Kejadian pertama terjadi saat muncul kasus penyadapan telepon oleh intelijen Australia terhadap Presiden Susilo Bambang Yudhoyono dan sejumlah pejabat Indonesia lainnya pada 2013 silam.
Kala itu Presiden SBY mengambil langkah tegas dengan menghentikan kerja sama di bidang militer.
"Saya juga minta dihentikan dulu, latihan-latihan bersama antara tentara Indonesia dan Australia, baik Angkatan Darat, Angkatan Laut, maupun Angkatan Udara, maupun latihan yang sifatnya gabungan," kata SBY dalam konferensi pers November 2013.
SBY juga menjelaskan, beberapa agenda kerja sama lain yang juga akan dikaji ulang adalah kerja sama pertukaran informasi dan intelijen antara kedua negara, dan penanganan kasus penyelundupan orang.
Namun rupanya PM Tony Abbot tidak juga menyampaikan permintaan maaf terkait penyadapan tersebut.
Panglima TNI kala itu Jenderal Moeldoko pun merespons keputusan pemerintah. Rangkaian pelatihan yang seharusnya berakhir 24 November dihentikan beberapa hari lebih cepat.
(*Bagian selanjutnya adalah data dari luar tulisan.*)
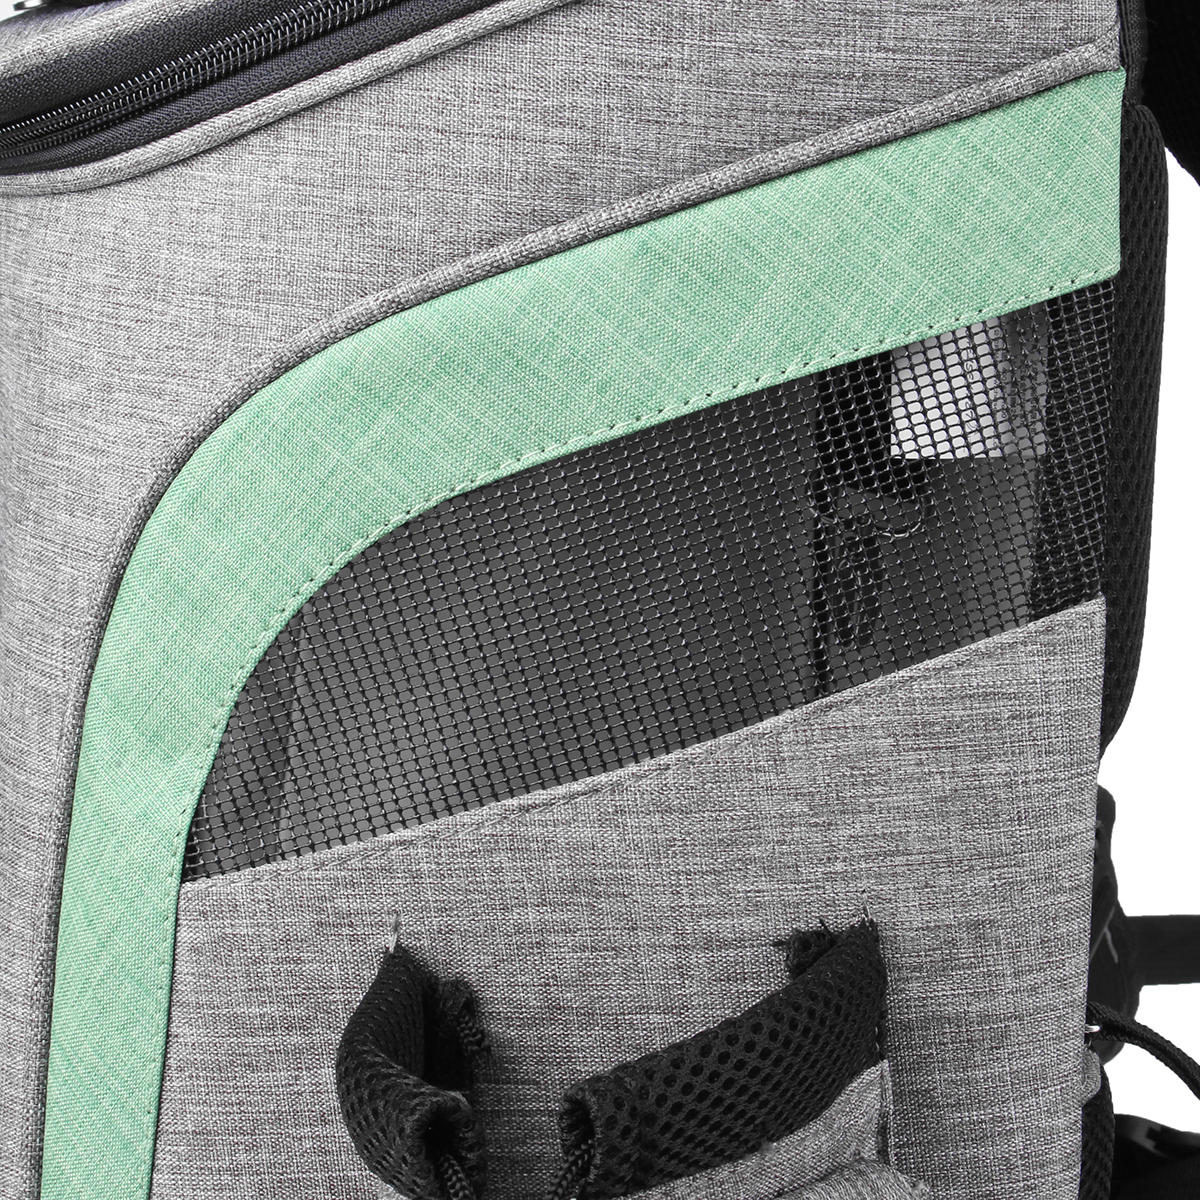 Portable Breathable Mesh Head Dog Cat Carrier Backpack Double Shoulder Bag Pet Accessories

Para pilot juga dipastikan kembali ke Tanah Air sebelum tanggal itu.

Panglima TNI jumpa pers soal penyadapan ©2013 Merdeka.com/M. Luthfi Rahman
"Sekarang ini kita sedang menghentikan latihan yang sedang berjalan di Australia ya. Ada pelatihan Australia-Indonesia sekarang. Harusnya sampai tanggal 24, saya hentikan sekarang dan besok harus kembali. Ada enam pesawat di sana, mereka kembali," ujar Moeldoko di Istana Merdeka, Jakarta, Rabu (20/11/2013).
Tak hanya latihan bersama di Australia, latihan yang berlangsung di Lembang, Jawa Barat dengan Kopassus juga dihentikan. Termasuk patroli bersama di wilayah selatan Pulau Jawa.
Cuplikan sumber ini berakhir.